Jugement Au fond, origine Pole social du TJ d’ANGERS, décision attaquée en date du 13 Novembre 2023, enregistrée sous le n° 22/00329
ARRÊT DU 27 Mai 2025
APPELANT :
Monsieur [R] [K]
[Adresse 2]
[Localité 3]
représenté par Me Baptiste FAUCHER de la SELARL OLYMP AVOCATS, avocat au barreau d’ANGERS
INTIMEE :
LA CAISSE PRIMAIRE D’ASSURANCE MALADIE (CPAM) DE MAINE-ET-LOIRE
[Adresse 1]
[Localité 4]
représentée par Maître Emmy BOUCHAUD, avocat au barreau d’ANGERS
COMPOSITION DE LA COUR :
En application des dispositions de l’article 945-1 du code de procédure civile, l’affaire a été débattue le 22 Avril 2025 à 9 H 00, en audience publique, les parties ne s’y étant pas opposées, devant Madame Estelle GENET, conseiller chargé d’instruire l’affaire.
Ce magistrat a rendu compte des plaidoiries dans le délibéré de la cour, composée de :
Président : Madame Clarisse PORTMANN
Conseiller : Madame Estelle GENET
Conseiller : Mme Claire TRIQUIGNEAUX-MAUGARS
Greffier lors des débats : Madame Viviane BODIN
ARRÊT :
prononcé le 27 Mai 2025, contradictoire et mis à disposition au greffe de la cour, les parties en ayant été préalablement avisées dans les conditions prévues au deuxième alinéa de l’article 450 du code de procédure civile.
Signé par Madame Clarisse PORTMANN, président, et par Madame Viviane BODIN, greffier auquel la minute de la décision a été remise par le magistrat signataire.
*******
FAITS ET PROCEDURE
Le 20 mai 2020, la SARL Société [5] a adressé à la caisse primaire d’assurance maladie de Maine-et-Loire une déclaration d’accident du travail pour un accident survenu le 18 mai 2020 à son salarié, M. [R] [K] dans les circonstances suivantes : « évacuation des déblais », l’assuré « se serait fait rouler sur le pied par un Dumper».
Un certificat médical initial établi le 19 mai 2020 fait état d’un « trauma de la cheville gauche ' fracture du cunéiforme de tarse ».
Cet accident a été pris en charge au titre de la législation professionnelle par la caisse primaire d’assurance maladie de Maine-et-Loire.
Un certificat médical établi le 30 juin 2021 a fait état d’une nouvelle lésion : «arthrite aseptique genou droit». Le 23 août 2021, le médecin-conseil a émis un avis défavorable à la prise en charge de cette nouvelle lésion au titre de l’accident de travail initial.
M. [R] [K] a contesté ce refus de prise en charge de cette nouvelle lésion. La caisse a mis en 'uvre une expertise médicale et a désigné le Docteur [N] [X].
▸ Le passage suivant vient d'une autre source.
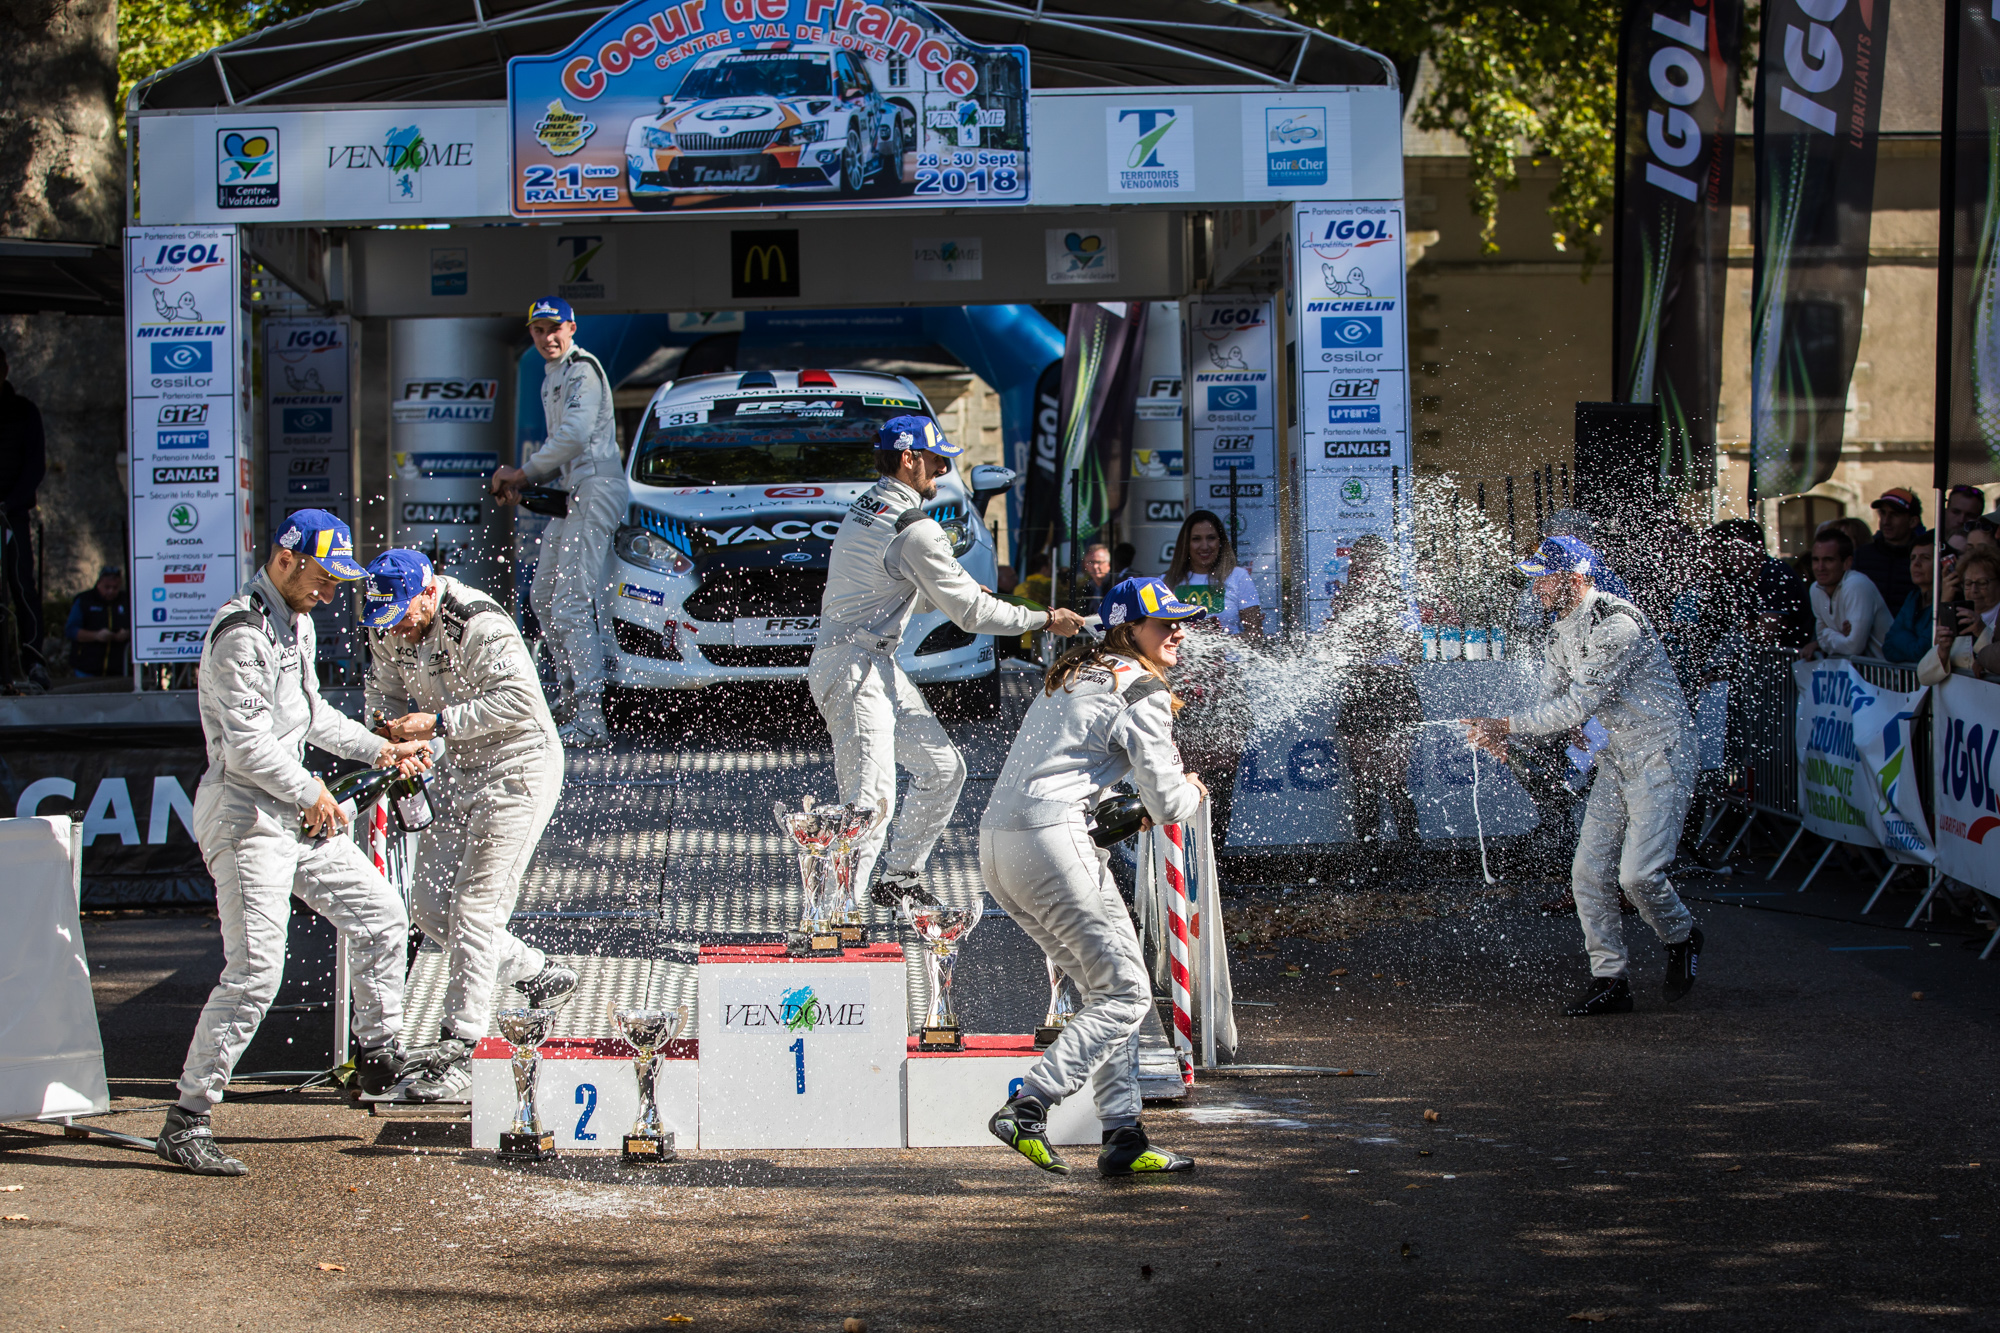 Mistrovství Francie - Rally juniorů 2018, Savigny-sur-Braye

Dans son rapport du 4 novembre 2021, l’expert a conclu à l’absence de relation de causalité directe ou par aggravation entre les lésions invoquées par le certificat médical du 30 juin 2021 et l’accident du travail du 18 mai 2020. Par décision du 3 décembre 2021, la caisse a confirmé son refus de prendre en charge au titre de la législation sur les risques professionnels cette nouvelle lésion.
L’assuré a alors saisi la commission de recours amiable qui a rejeté son recours lors de sa séance du 14 avril 2022.
Par requête déposée au greffe le 20 juin 2022, l’assuré a saisi le pôle social du tribunal judiciaire d’Angers qui, par jugement en date du 13 novembre 2023, a :
— débouté M. [R] [K] de sa demande visant à déclarer la décision « arthrite aseptique genou droit » médicalement constatée le 30 juin 2021 imputable à l’accident du travail dont il a été victime le 18 mai 2020 ;
— débouté M. [R] [K] de sa demande d’expertise médicale judiciaire ;
— débouté M. [R] [K] de sa demande de prise en charge au titre de la législation professionnelle des soins et arrêts prescrits au titre de la nouvelle lésion ;
— débouté M. [R] [K] de sa demande présentée sur le fondement de l’article 700 du code de procédure civile ;
— condamné M. [R] [K] aux entiers dépens de l’instance.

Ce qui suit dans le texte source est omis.